The framing of someone having done their best at any given time is useful when you apply it to, I don’t know, let’s say, your parents and how they parented you. The stuff they did well, the stuff they struggled with. Remembering they too were raised by parents who did things well and struggled with other things. But remembering that very few people are deliberately malicious, and even then we can apply the same framework to think about what skills, personality and resources they bring to the situation. True, they may lack empathy, and intend to hurt you, but there are reasons for that, even if it is that they are truly broken as a person and need to have changes to them or the things around them, or both, to have good outcomes for themselves and those who they might damage with their fucked-up-ness. Yes, there are true predators, and they should be away from those they seek to harm, but how that looks I don’t know. But that’s not most people. And most people are truly trying hard, even if they fall short of their own or our expectations and hopes of them.
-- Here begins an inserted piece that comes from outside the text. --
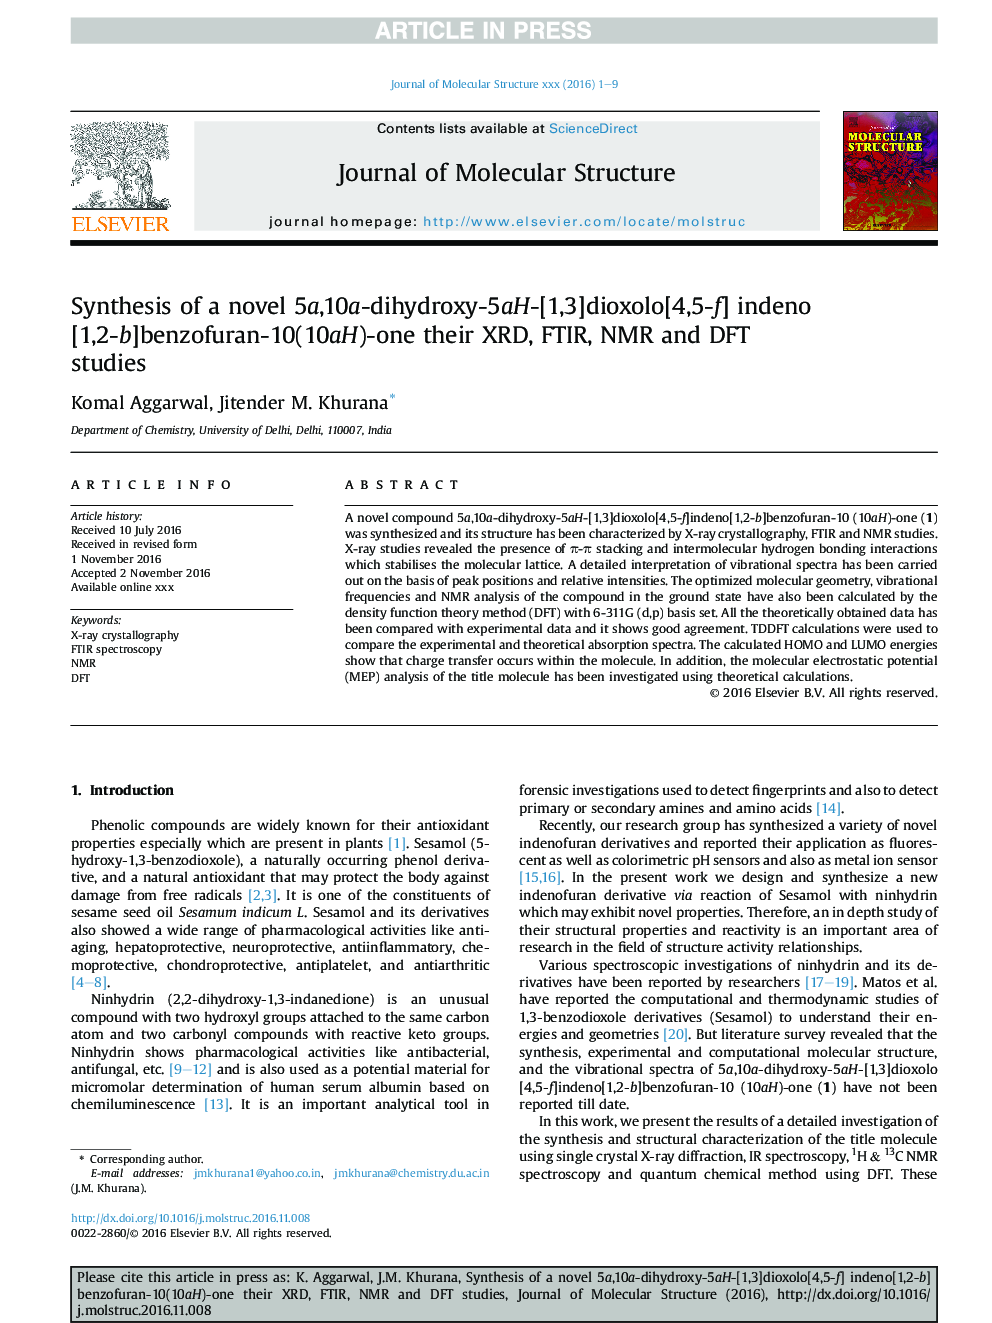 Synthesis of a novel 5a,10a-dihydroxy-5aH-[1,3]dioxolo[4,5-f] indeno[1,2-b]benzofuran-10(10aH)-one their XRD, FTIR, NMR and DFT studies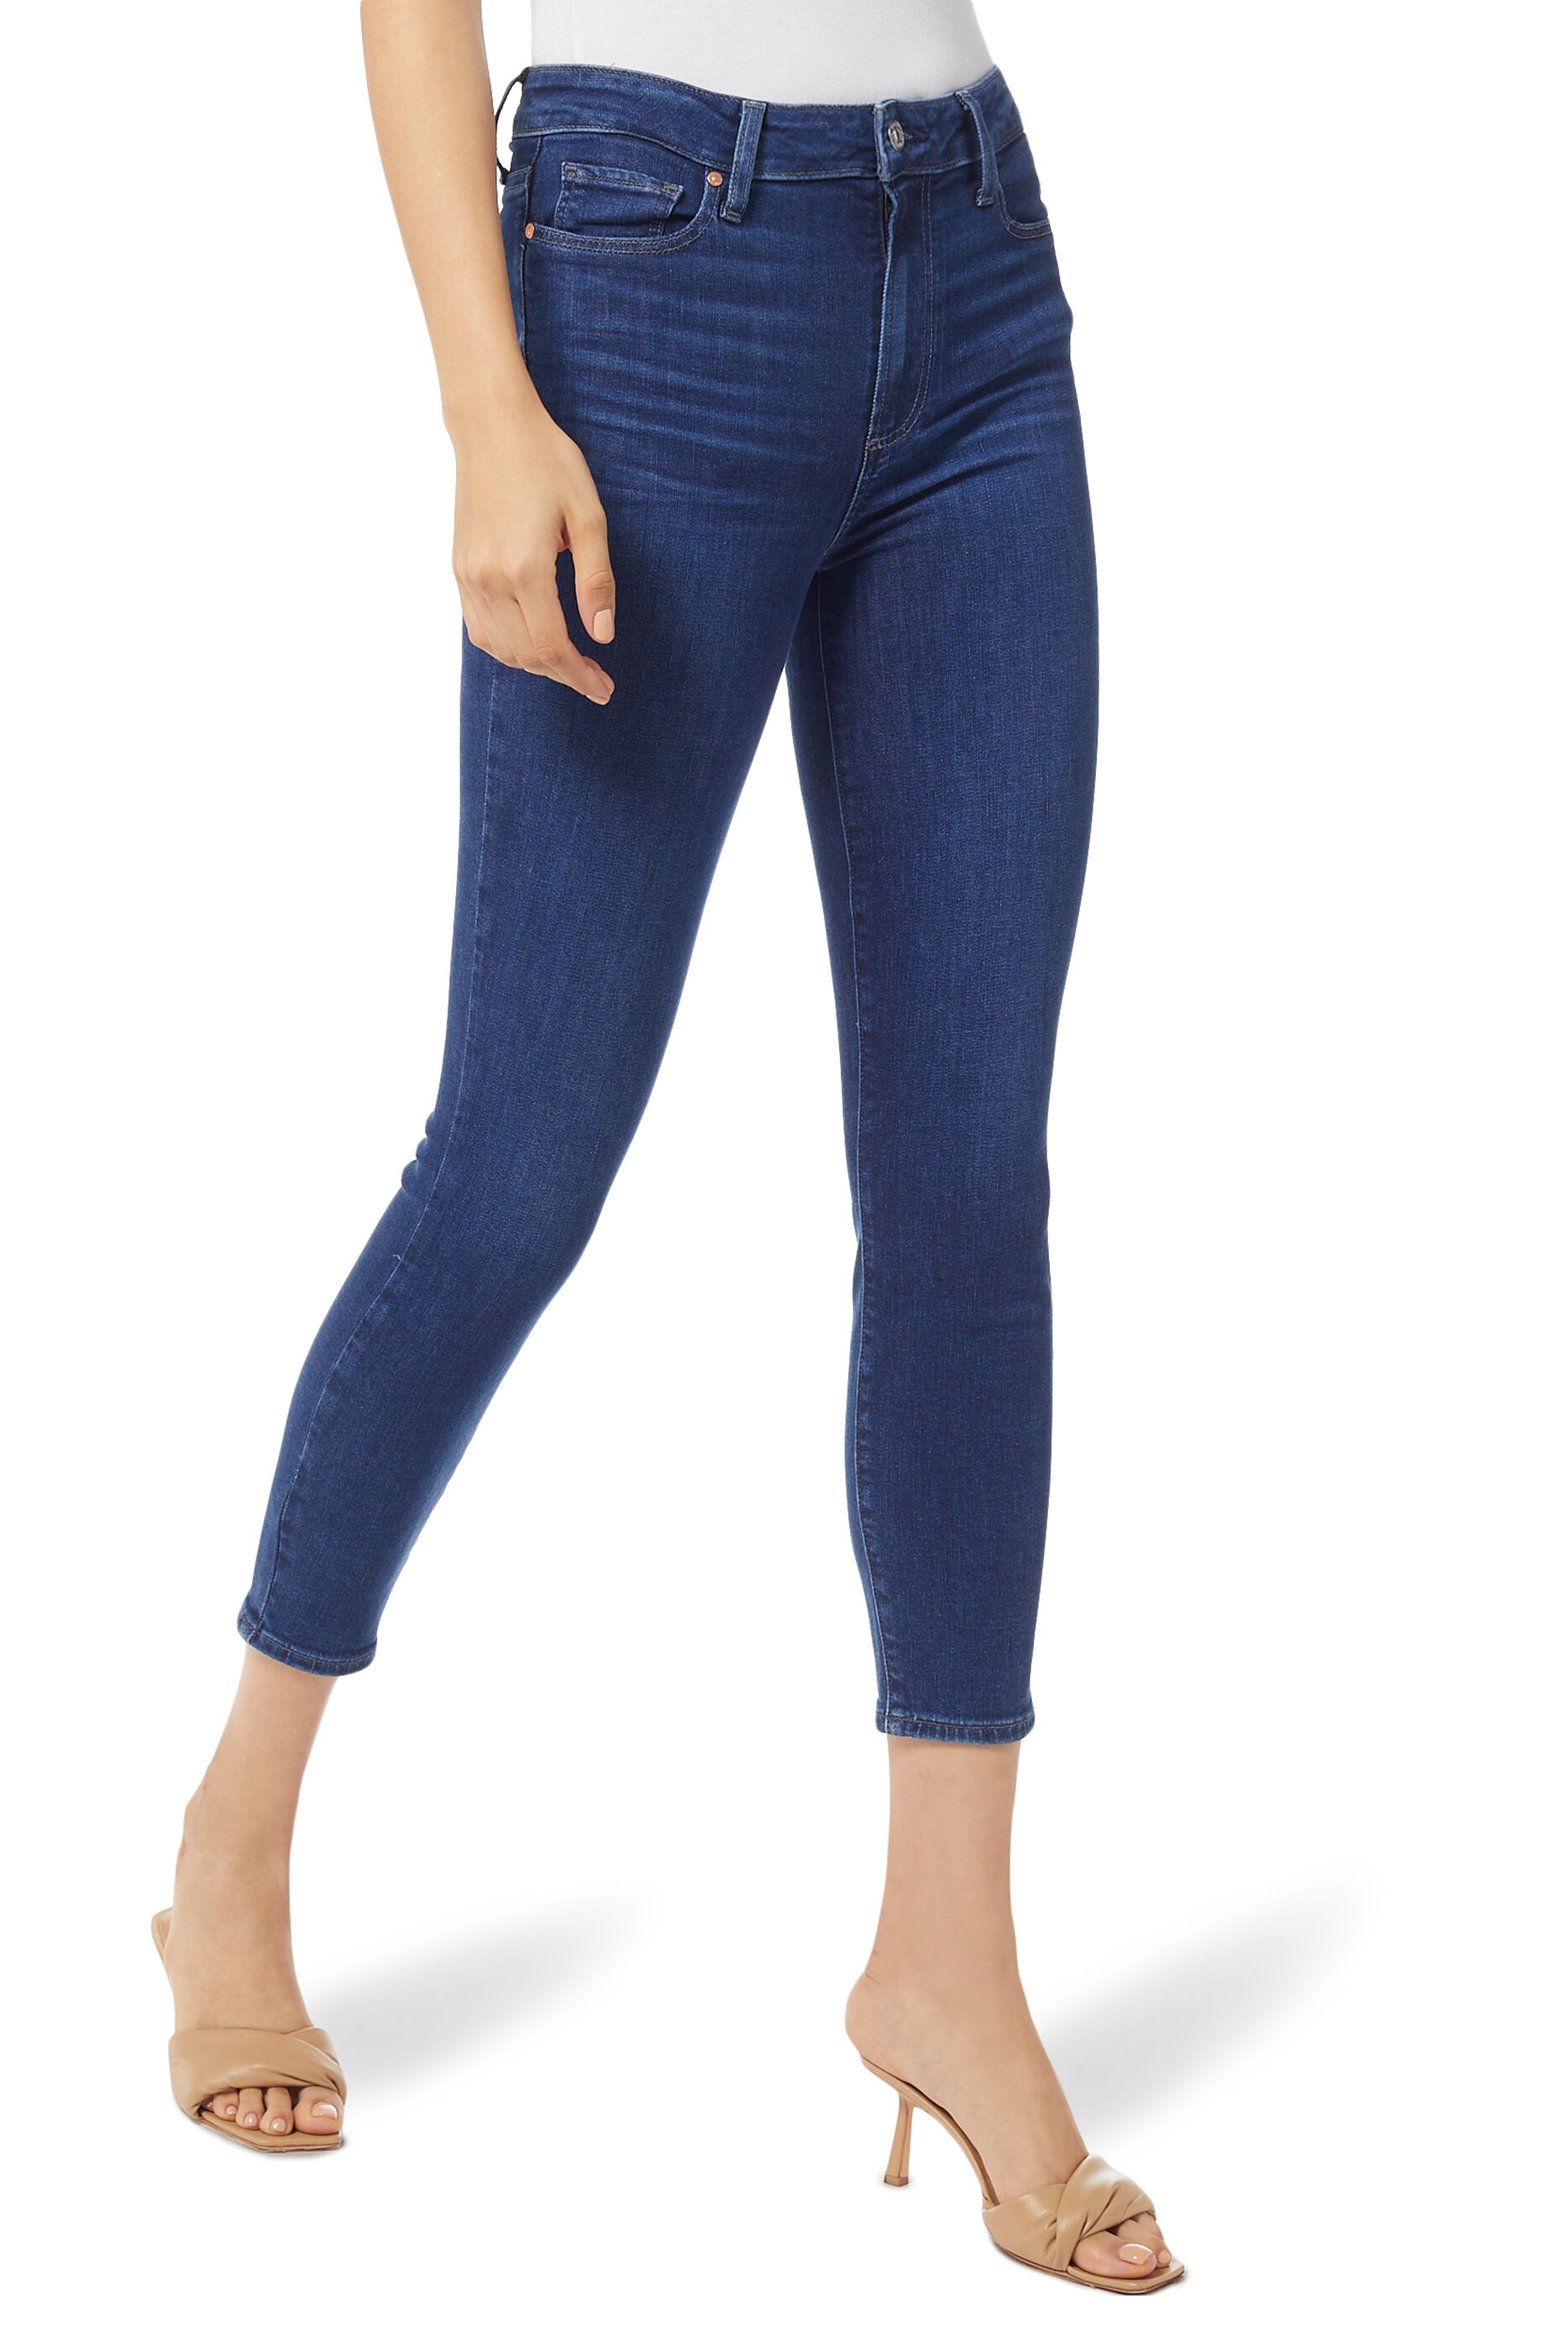 Buy Paige Hoxton Cropped Skinny Jeans

I’ve wandered off with my thoughts. I’ve been trying to decide whether to attend my therapy appointment tomorrow. It’s a lot of travel, and I’m tired still from the week that’s been. But it may be good to have that hour to talk with someone external, someone without expectations of how I should have handled the week and the people around me in the week. I don’t know, I’ll decide in the morning. The train ride might be nice, even if I still have to pay full fare because they only resent my Opal card over the weekend.

Bruce made me laugh this morning. I asked him a question, and he replied “I’m just simping for my e-girl”.